Scrabble fans are about to get a lot more choices when mixing and matching those lettered blocks: 5,000 new words have been added to the official dictionary, including "selfie," "bromance" and "buzzkill." (Via mydalliance / CC BY NC ND 2.0)
It's been 10 years since the classic word game updated its vocabulary, and the new additions — including "hashtag," "dubstep" even "schmutz" — inject some 21st-century lingo into the 76-year-old game. (Via KTNV)
So far, Merriam-Webster, the company that publishes "The Official Scrabble Player Dictionary," has released only 30 of the 5,000 new words it will add to its expansive 100,000-word archive. So we really only got a small sample.
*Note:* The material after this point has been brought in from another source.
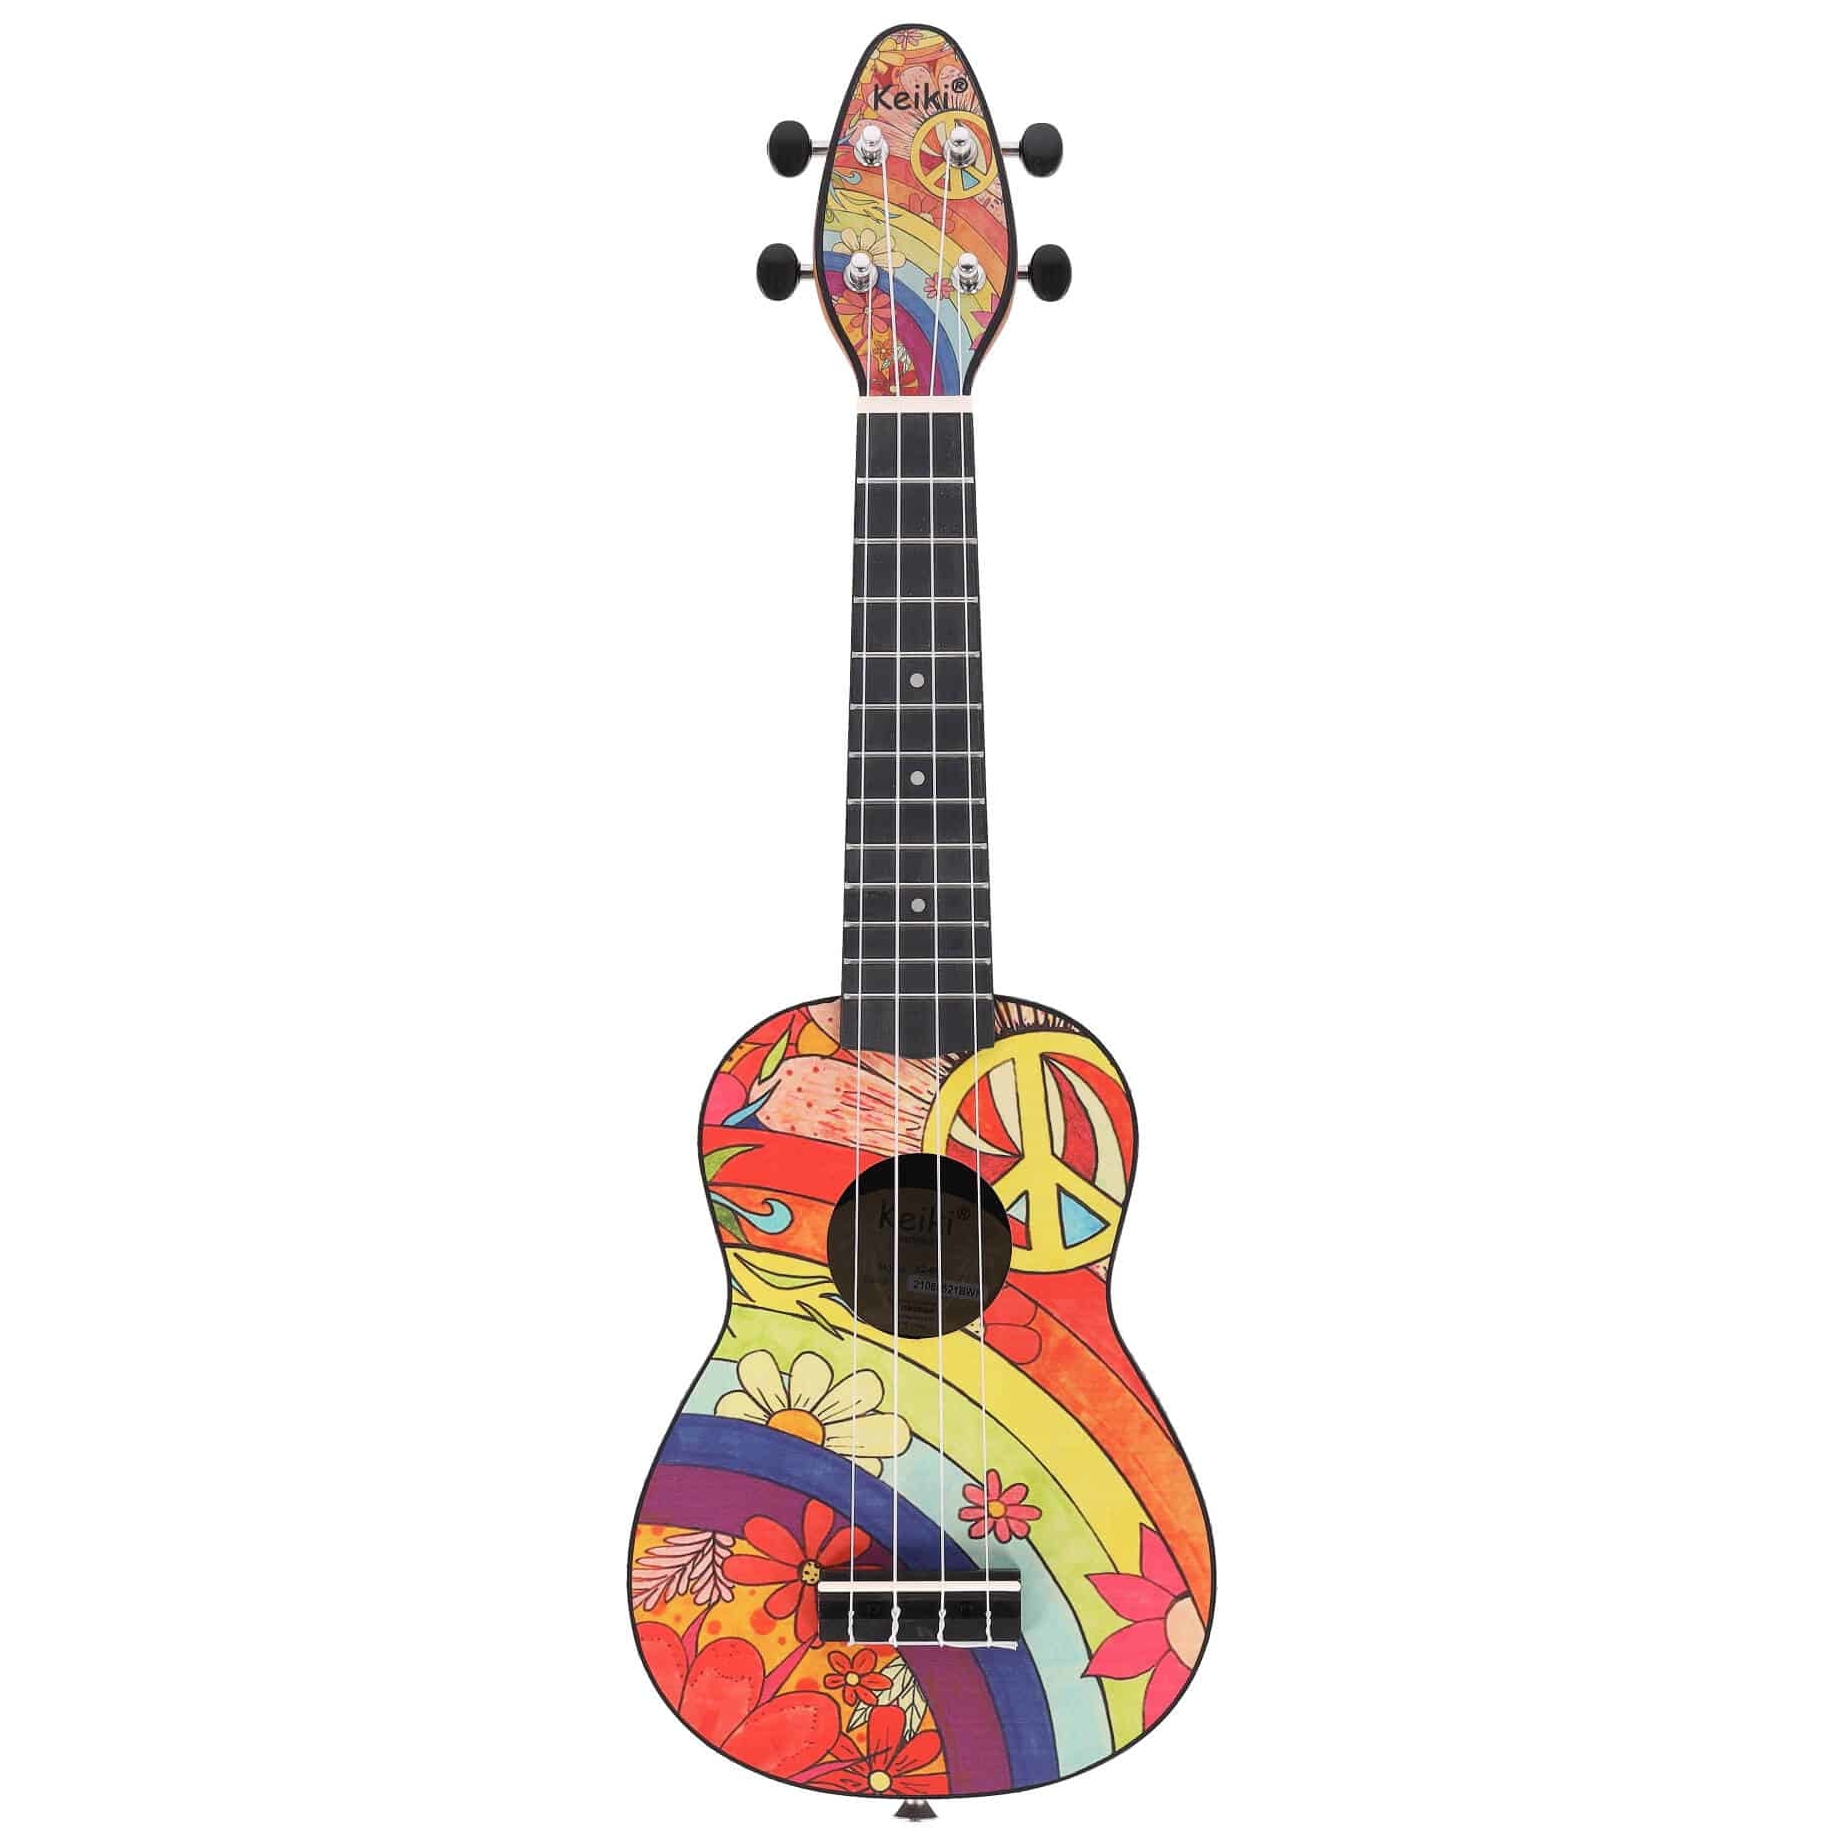 Ortega K2-68 ukulele

ABC: "This is apparently a shelter made from digging in a pile of snow. ... There's a potential of a 401-point play."
Some two-letter words have been added, as well: "da" (short for dad), "gi" (a white garment worn in martial arts) and "po" (a chamber pot). (Via Jonathon Colman / CC BY NC ND 2.0)
John Chew, co-president of the North American Scrabble Players Association, said the updates will "go a long way toward bringing us closer to the language as it is currently spoken." (Via CNN)
As nice as the modernized vocabulary is for the word game, some Scrabble enthusiasts have shrugged off the new additions.
Forbes contributor and Scrabble enthusiast Jeremy Greenfield says most die-hard Scrabble players don't even use the official dictionary due to some questionable entries. He cites the book "Word Freak," which says some players are offended by the inclusion of "'jew' (a verb meaning 'bargained in a miserly way') and others, like 'fart' and 'fatso.'"
Greenfield said players instead use competing dictionaries like "The Official Tournament and Club Word List" or, for international players, the extensive word list called "SOWPODS." (Via Howcast)
The new fifth edition of "The Official Scrabble Players Dictionary" goes on sale Wednesday, but the new words will be sidelined for the upcoming 2014 National Scrabble Championship in Buffalo, New York, on Aug. 9, as the updated official dictionary goes into effect Dec. 1.